[Your instructions]
Word for word, copy the entire listing below, but do not carry over any pictures.

[Source material]

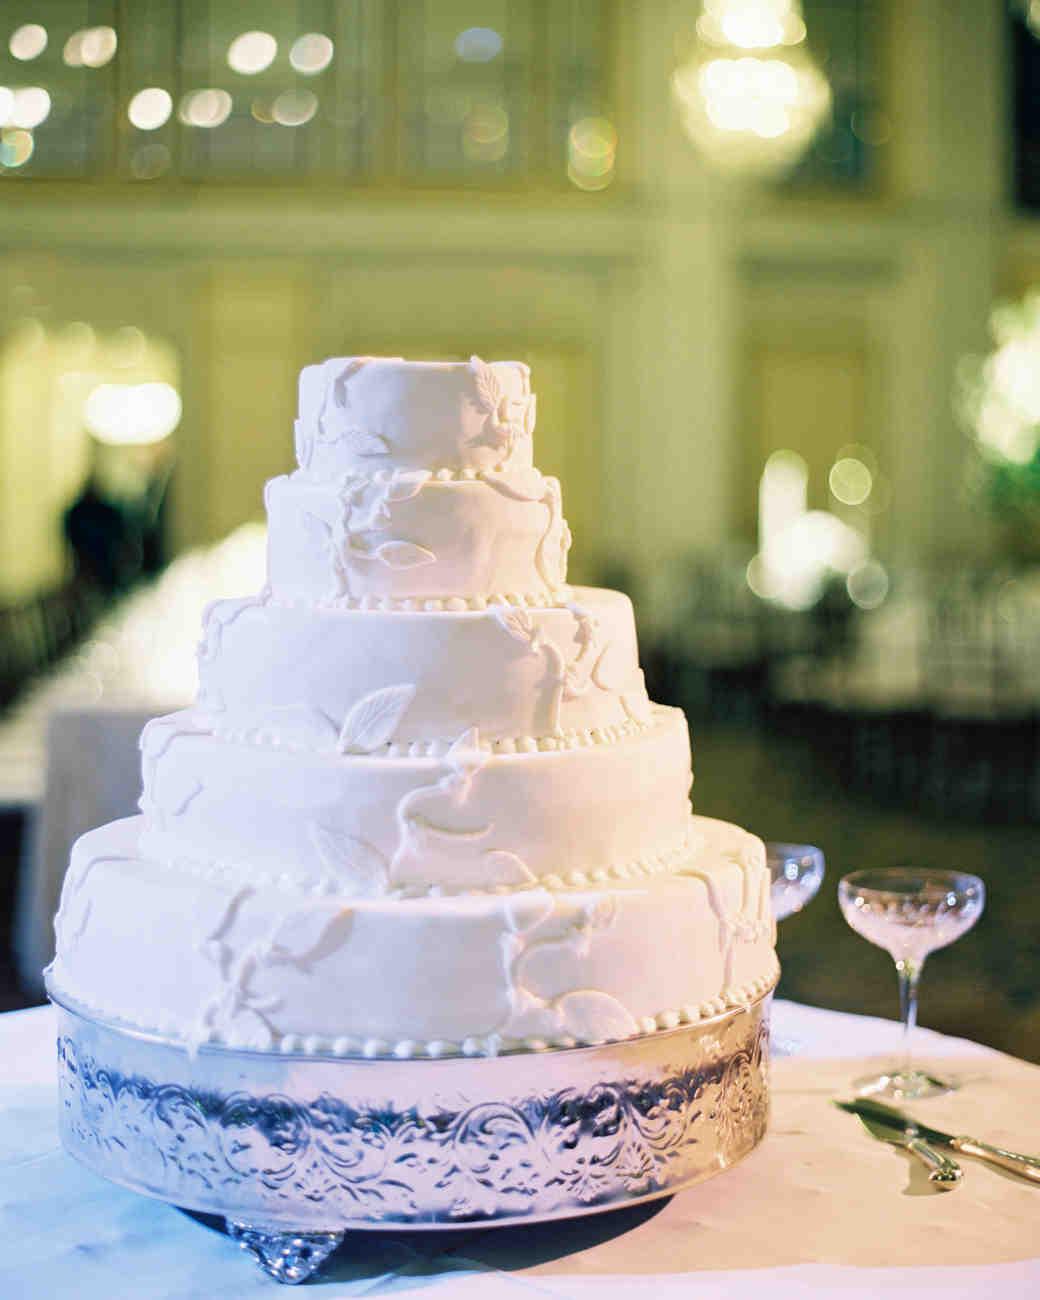 taylor-john-wedding-cake-499-s112507-0116.jpg
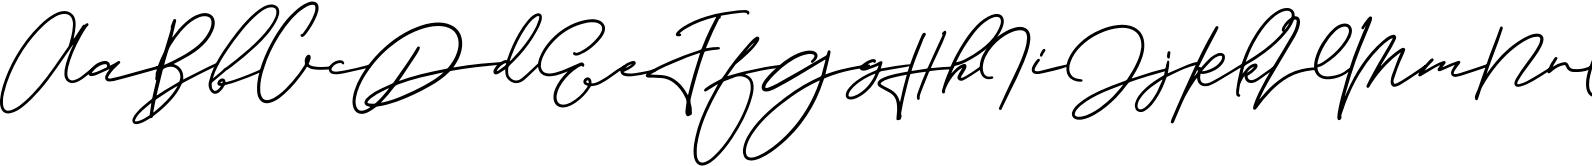 Jamsuit Duo Font
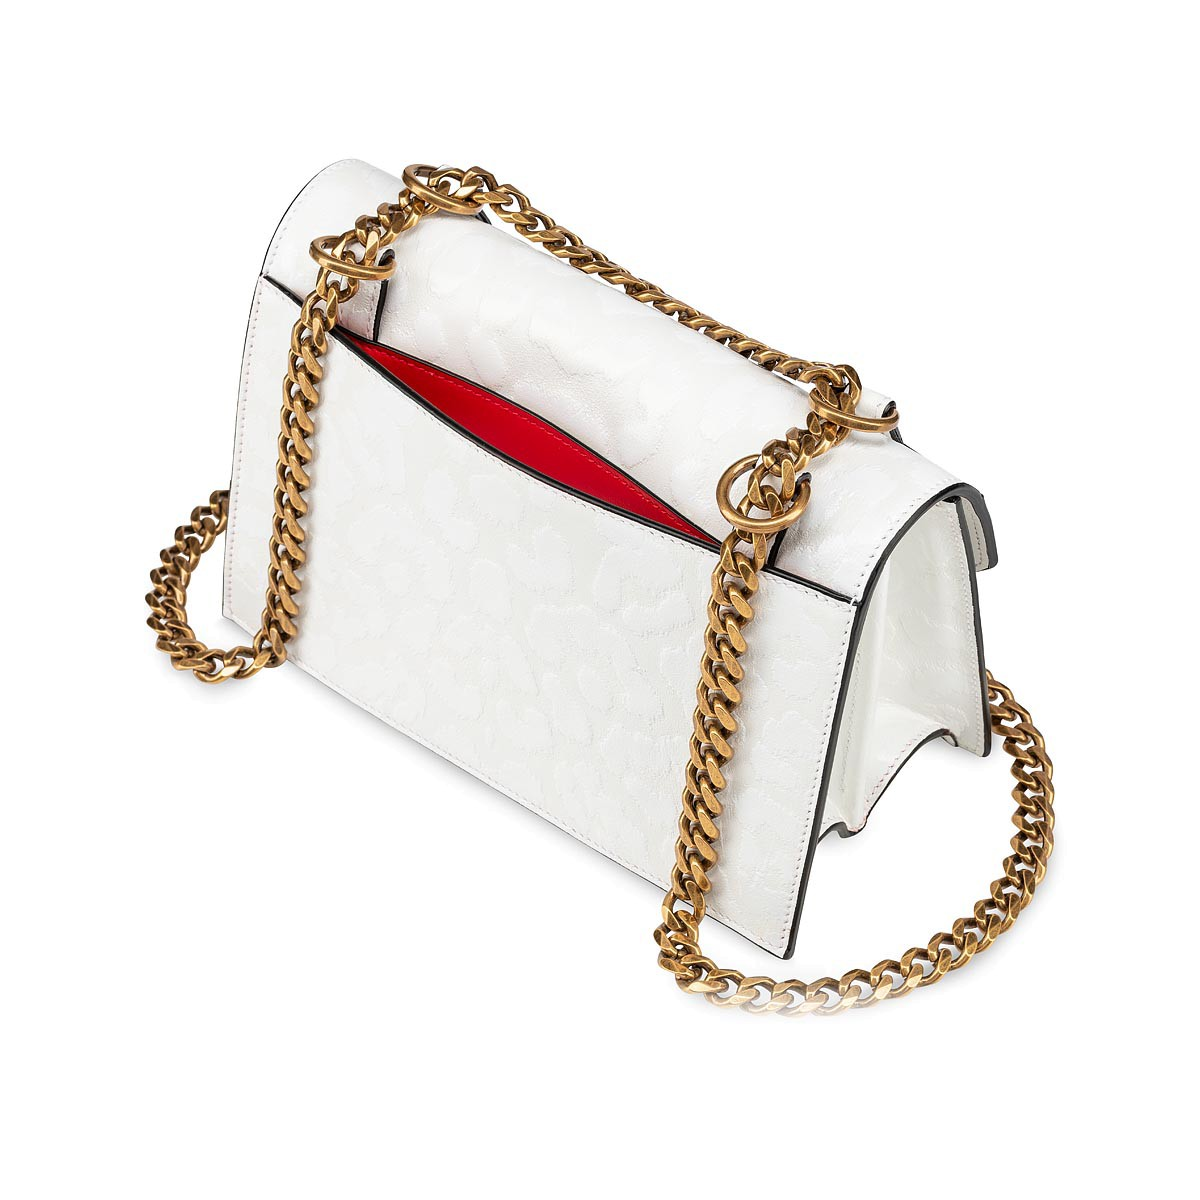 Bags - Elisa Mini - Christian Louboutin

[Task result]
 taylor-john-wedding-cake-499-s112507-0116.jpg
 Jamsuit Duo Font
 Bags - Elisa Mini - Christian Louboutin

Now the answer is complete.